2.4. Functional Analyses

The functional role of microbial communities recorded in the biodigester was predicted from 16 S rRNA gene data using Phylogenetic Investigation of Communities by Reconstruction of Unobserved States (PICRUSt) software [14]. PICRUSt uses a computational approach to link the taxonomic assignments based on marker gene data to phylogenetically nearest sequenced reference genomes. PICRUSt compatible OTU table was obtained by closed-reference OTU picking protocol in QIIME against Greengenes (V. 12.2). Due to 16 S rRNA copy number varies among bacteria, OTU table was normalized dividing each OTU by the 16S copy number abundance Normalization of OTU table by copy number was performed dividing each OTU by the 16S copy number abundance. Metagenomic functions were predicted using the Kyoto Encyclopedia of Genes and Genomes (KEGG) databases for annotations, collapsed down to KEGG pathways metadata at level 2 and 3. The final metagenome functional predictions were obtained by the product of each OTU abundance and the abundance of each predicted functional trait.
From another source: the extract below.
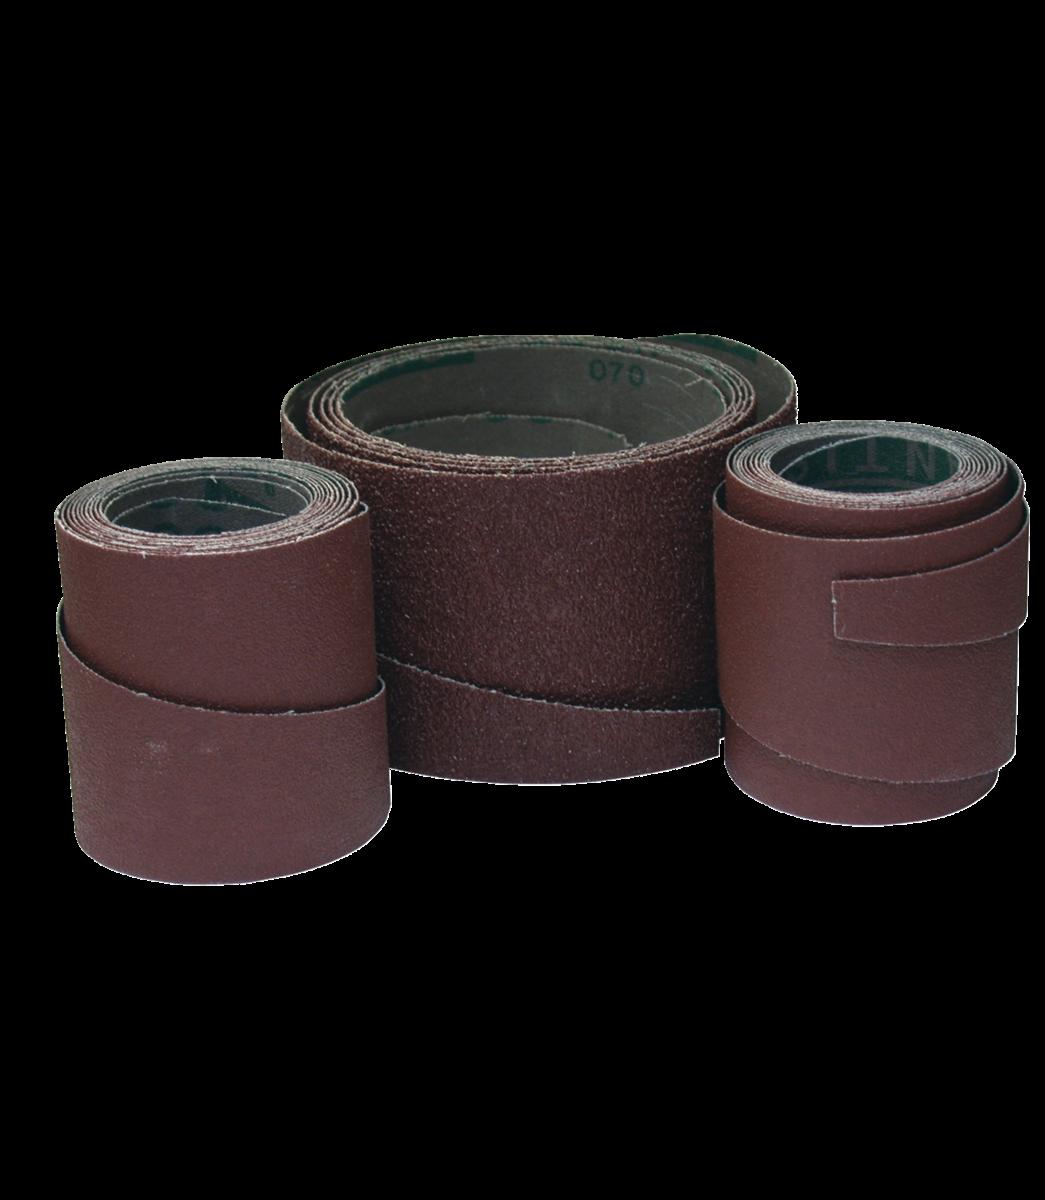 "25"" Sandpaper 220 Grit Fits JWDS-2550, 3-Wraps in Box"

2.5. Nucleotide Sequences Accession Numbers

This Targeted Locus Study project has been deposited at DDBJ/EMBL/GenBank under the accession KBTP00000000. The version described in this paper is the first version, KBTP01000000.

3. Results

In this study, microbial communities from five different points of a biodigester (see Figure 1) were characterized using the 16 S rRNA gene in order to identify the spatial variations of bacterial groups and to relate their metabolic capacity and interactions with the different stages of the anaerobic digestion process.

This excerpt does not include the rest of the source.